• [ASSIGNMENT] Without including any pictures, copy every line below exactly.

• [INFORMATION PROVIDED]
"""

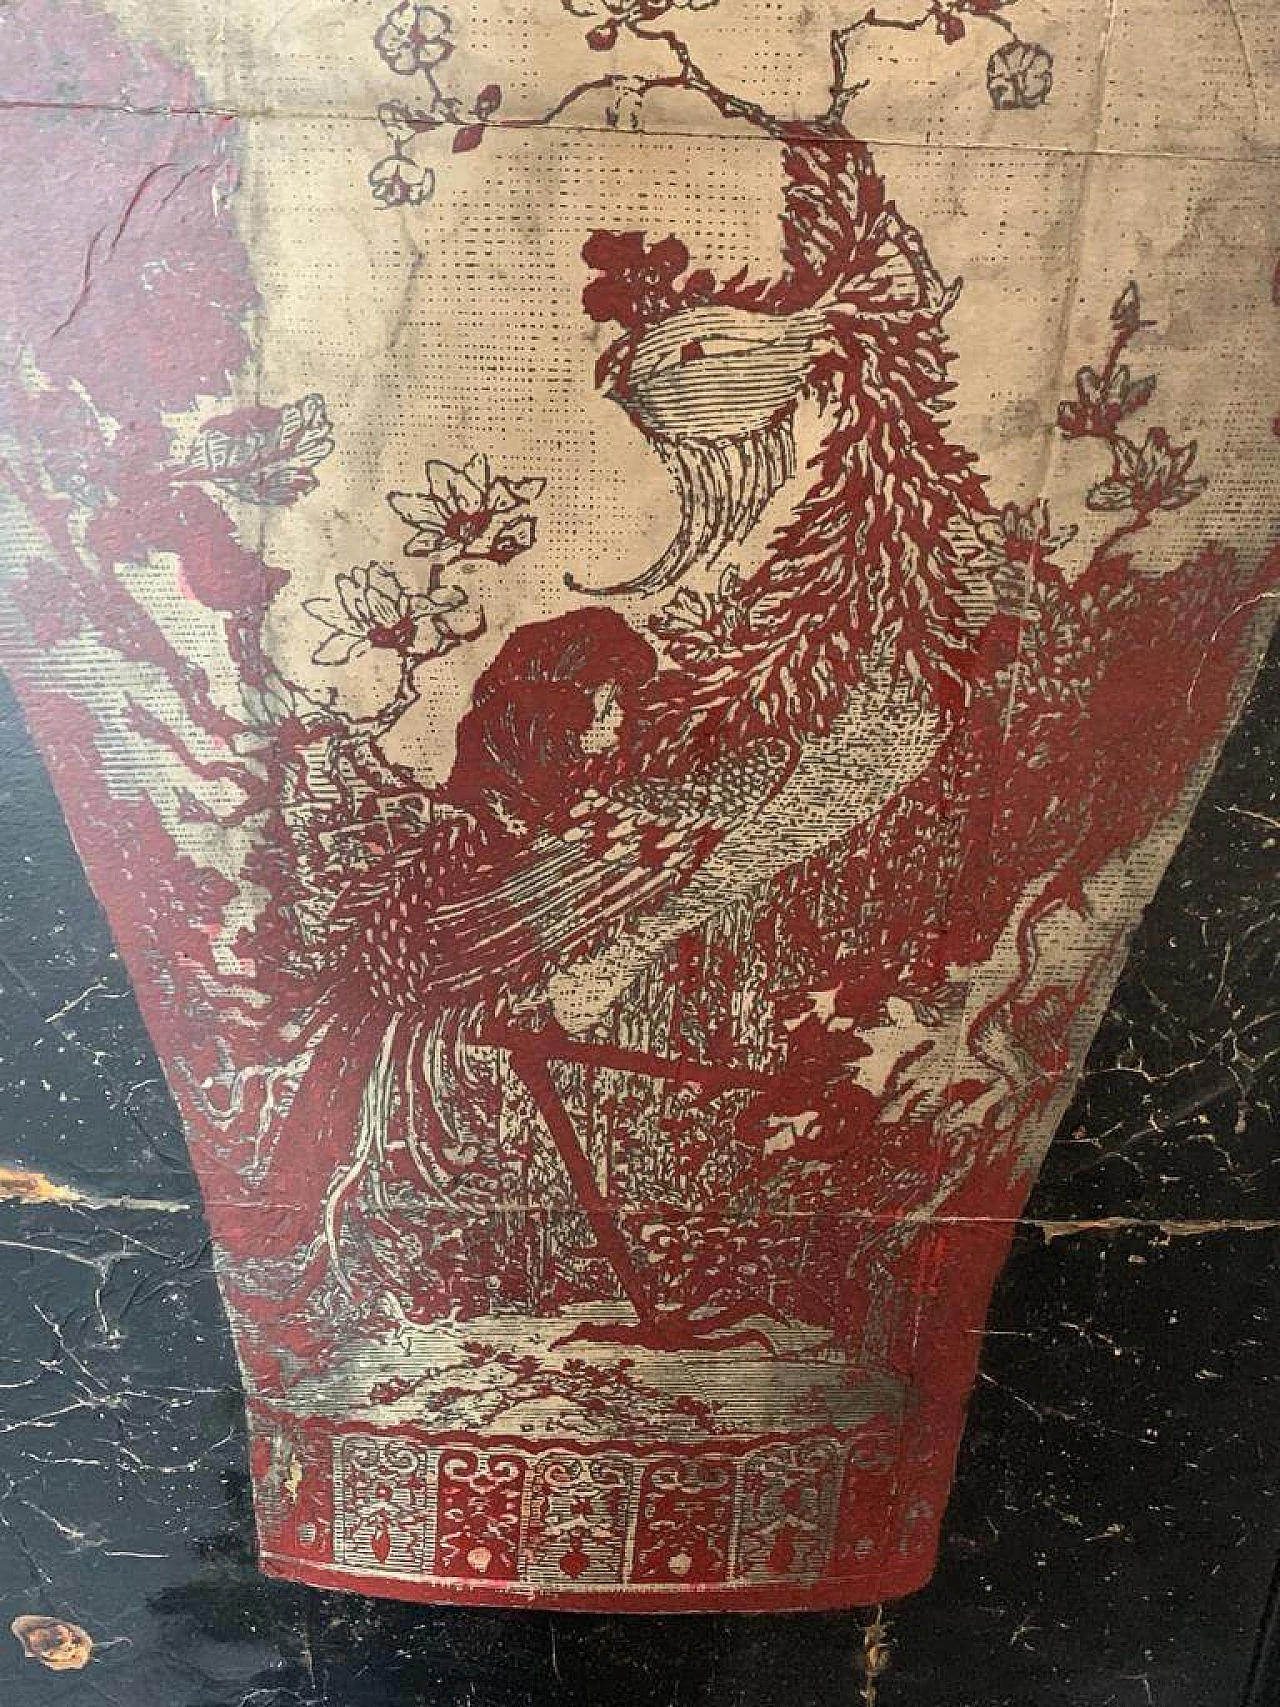 Painted silkscreen on rice paper depicting a vase with lid, 1960s 5
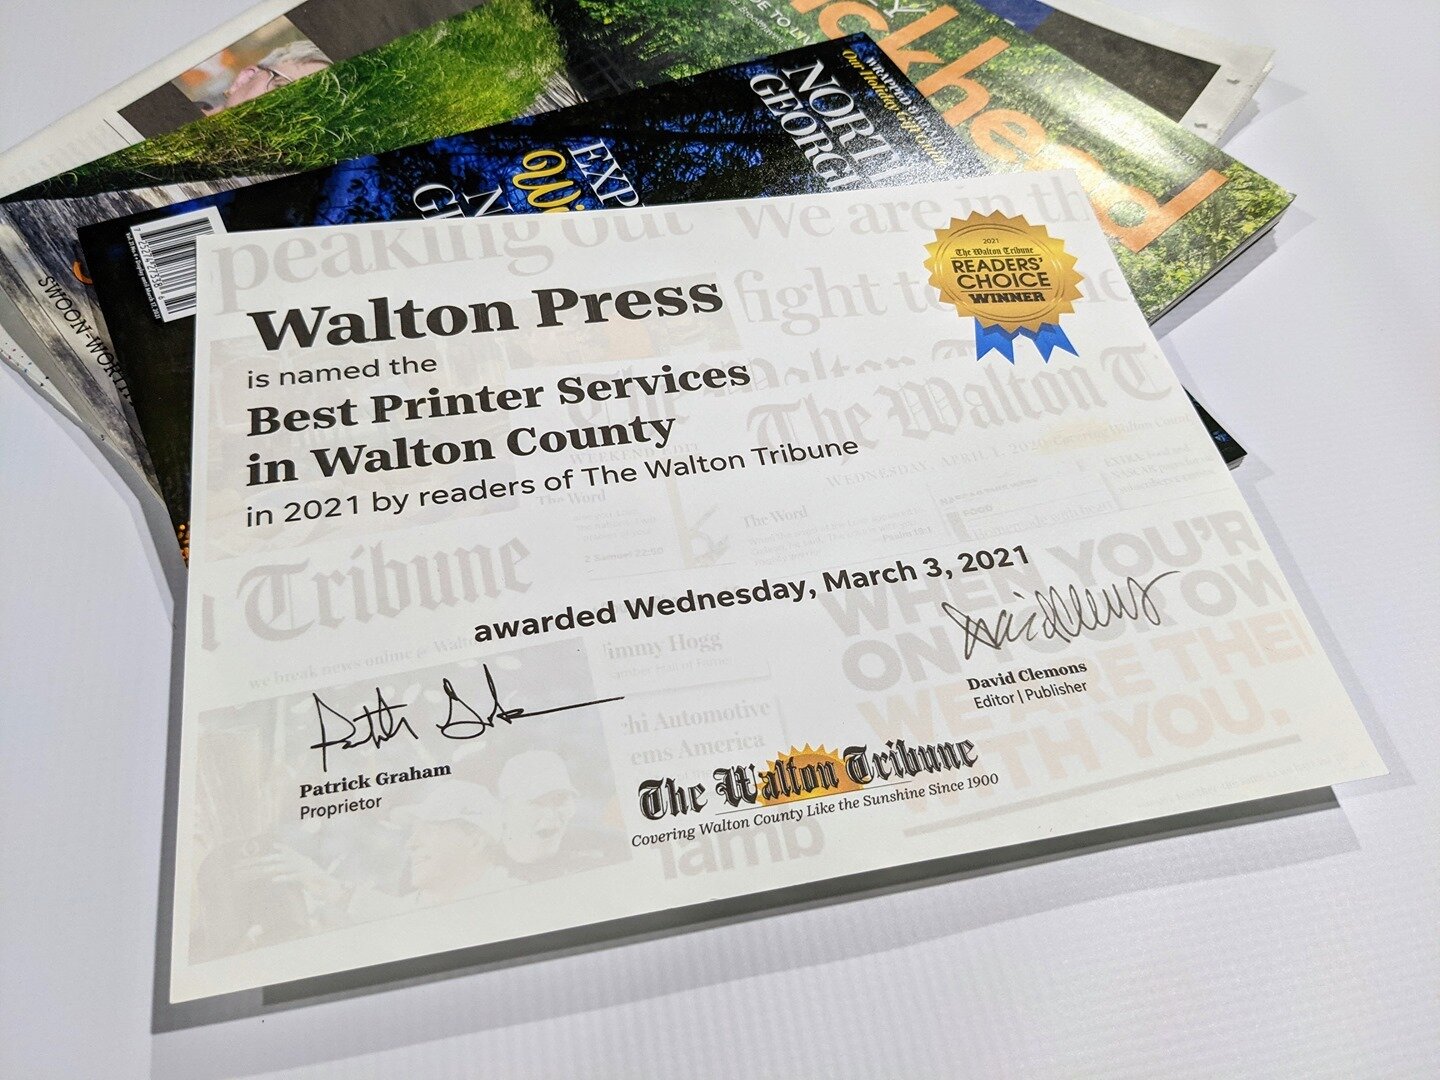 We are honored to be named 'Best Printer Services in Walton County' in 2021 by readers of The Walton Tribune! #waltonpride #waltontribune #printer #community
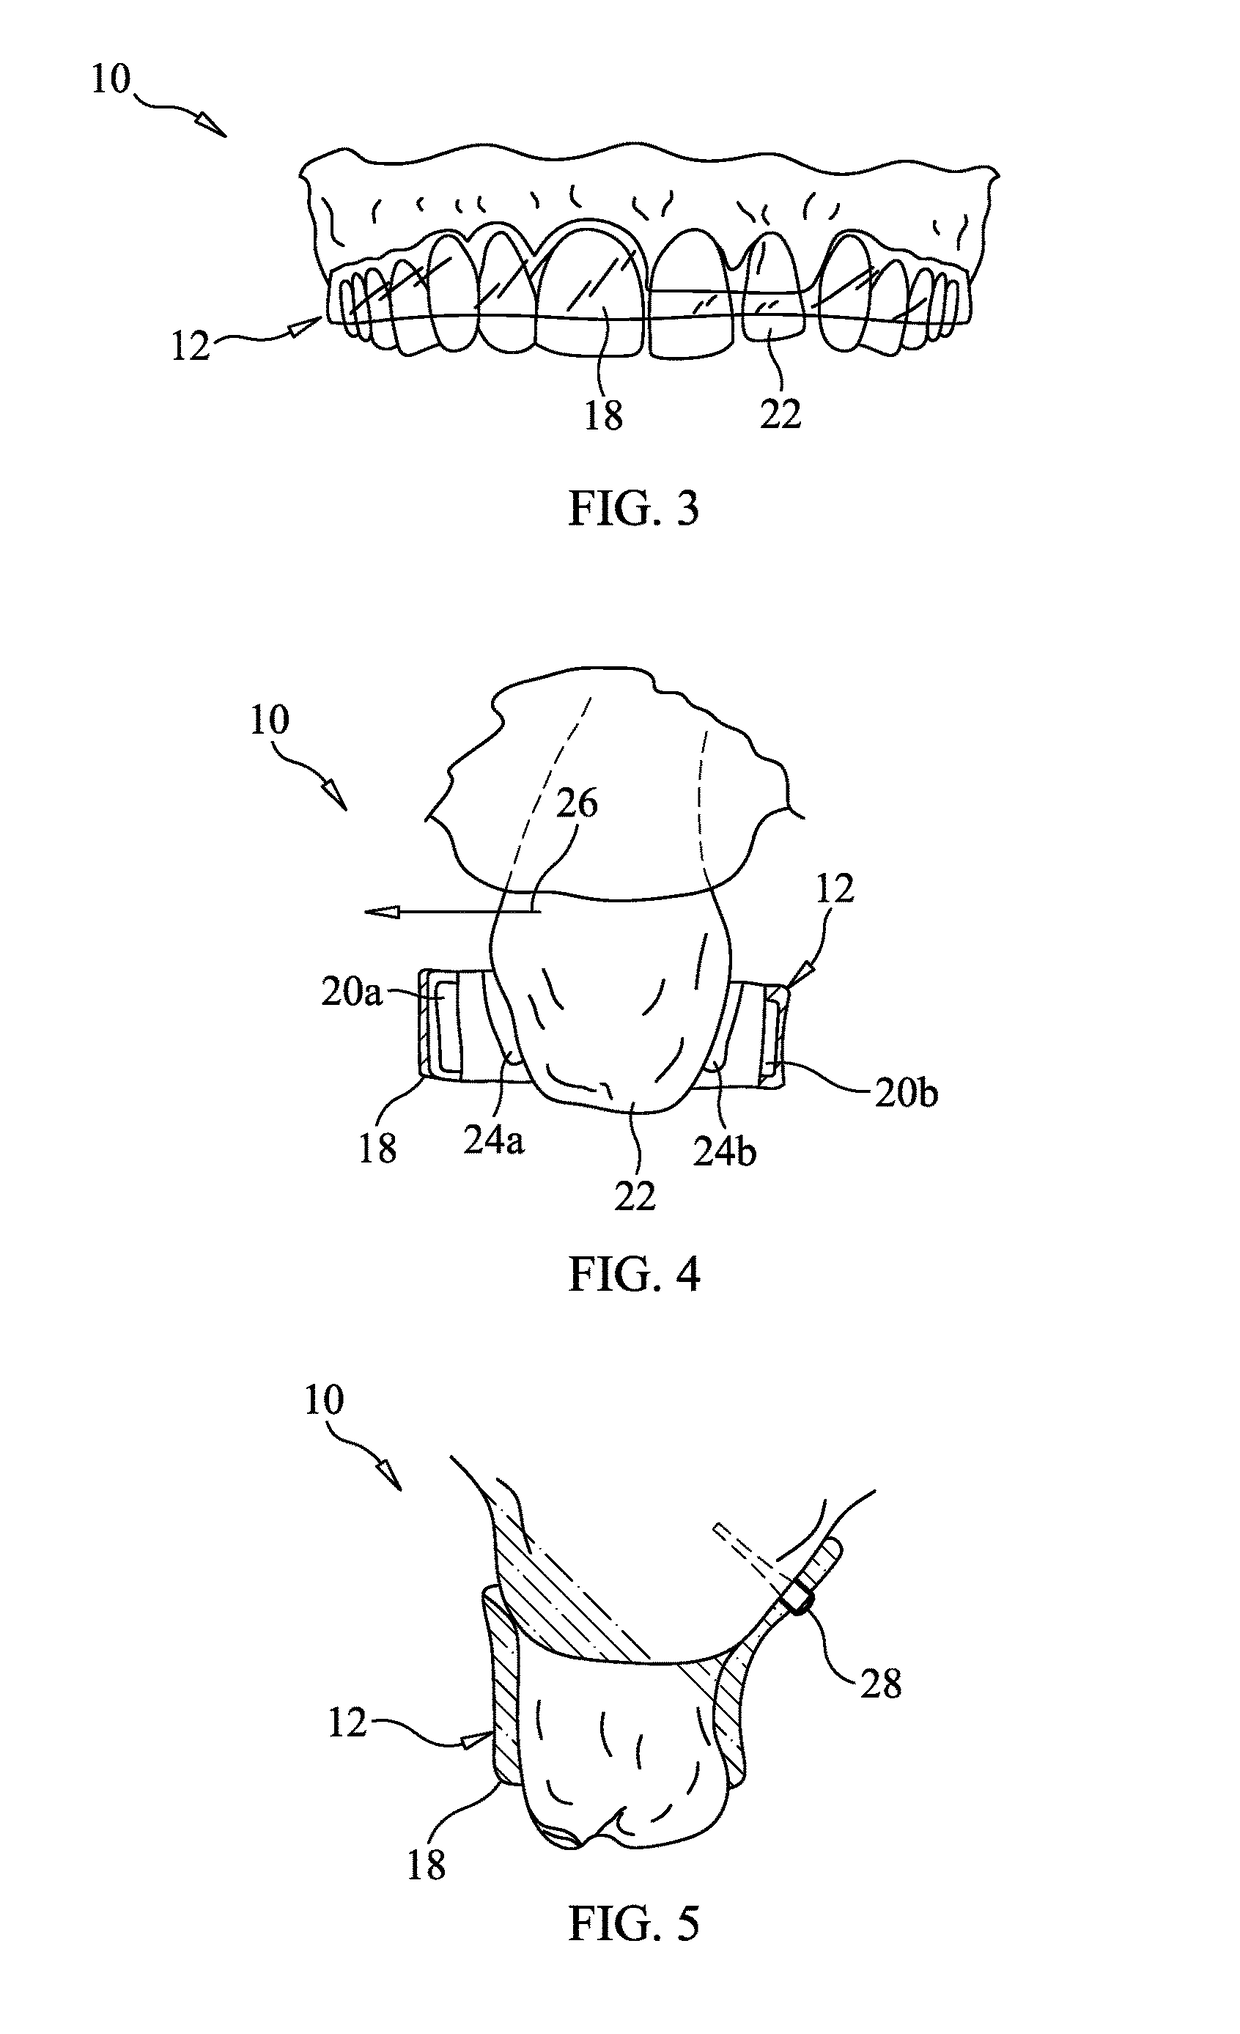 Apparatus and method for correcting orthodontic malocclusions

"""

• [OUTPUT]
 Painted silkscreen on rice paper depicting a vase with lid, 1960s 5
 We are honored to be named 'Best Printer Services in Walton County' in 2021 by readers of The Walton Tribune! #waltonpride #waltontribune #printer #community
 Apparatus and method for correcting orthodontic malocclusions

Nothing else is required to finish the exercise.